Rock Island Mysteries (originally announced as Taylor's Island) is an Australian comedy television show for children and young teenagers, which premiered on 10 Shake on 2 May 2022 and Nickelodeon on the following day. It follows the adventures of Taylor's group of friends, who explore Rock Island.

Production
The 20 part series was filmed on the Gold Coast and Port Douglas, Queensland in 2021 and is a FremantleMedia Australia production for Network 10 and Nickelodeon International.

The series was created by Matthew Cooke, Vincent Lund and Michael Ford.
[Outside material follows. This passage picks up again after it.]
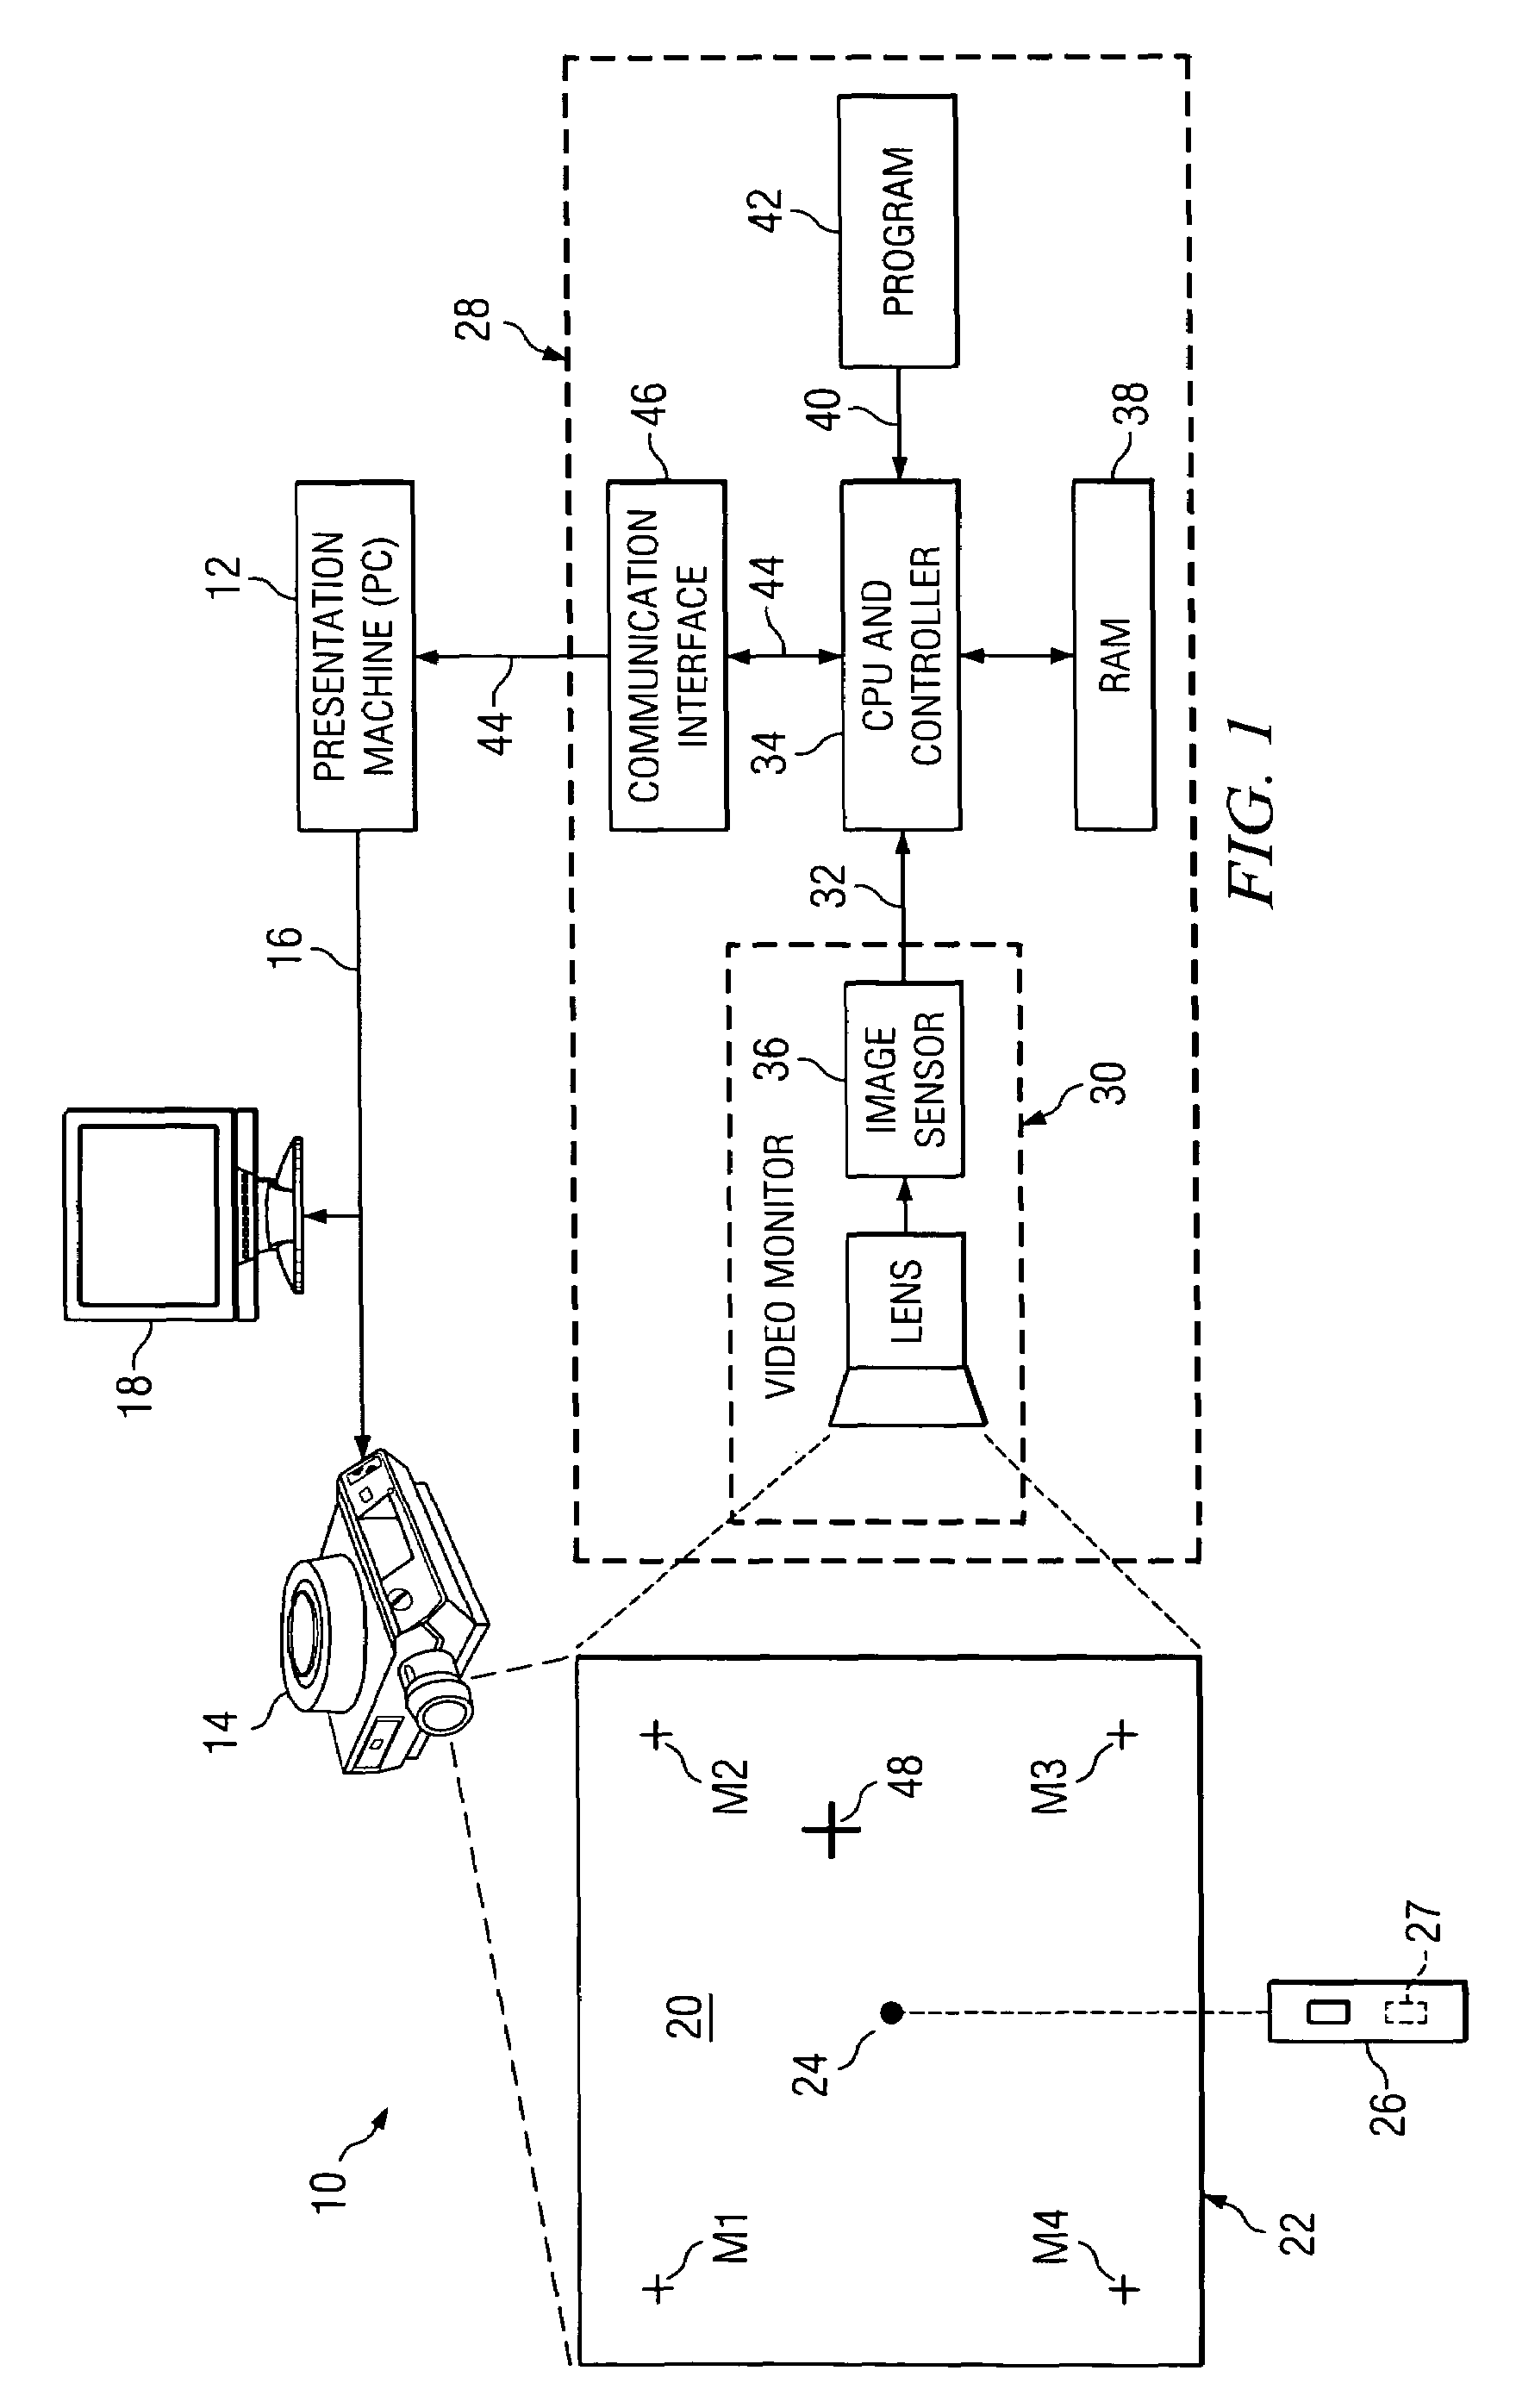 Visual input pointing device for interactive display system

It was written by script producer Stephen Vagg, with writers Sam Carroll, Alix Beane, David Hannam, Marisa Nathar, Natesha Somasundaram, Trent Roberts, Jessica Brookman and Hannah Samuel.

In October 2022, Network 10 and Nickelodeon announced the show had been renewed for a second season, which is set to premiere in 2023.

Cast
 Alexa Curtis as Taylor Young
 Noah Akhigbe as Nori Harlow
 Inessa Tan as Meesha Rai
 Ryan Yeates as Ellis Grouch
 Izellah Connelly as Lila Gray, Taylor's step-sister
 Kimberley Joseph as Emily Young, Taylor's mother
 Craig Horner as Sunny Gray, Taylor's step-father
 Monette Lee as Gillian Rai
 Annabelle Stephenson as Racquel Newman
 Lucas Linehan as Uncle Charlie

Episodes

References

External links

2022 Australian television series debuts
2020s Australian comedy television series
2020s Australian drama television series
Australian children's mystery television series
2020s teen drama television series
2020s mystery television series
Australian drama television series
Nickelodeon original programming
English-language television shows
10 Shake original programming
Television series about teenagers
Television shows filmed in Australia
Television series by Fremantle (company)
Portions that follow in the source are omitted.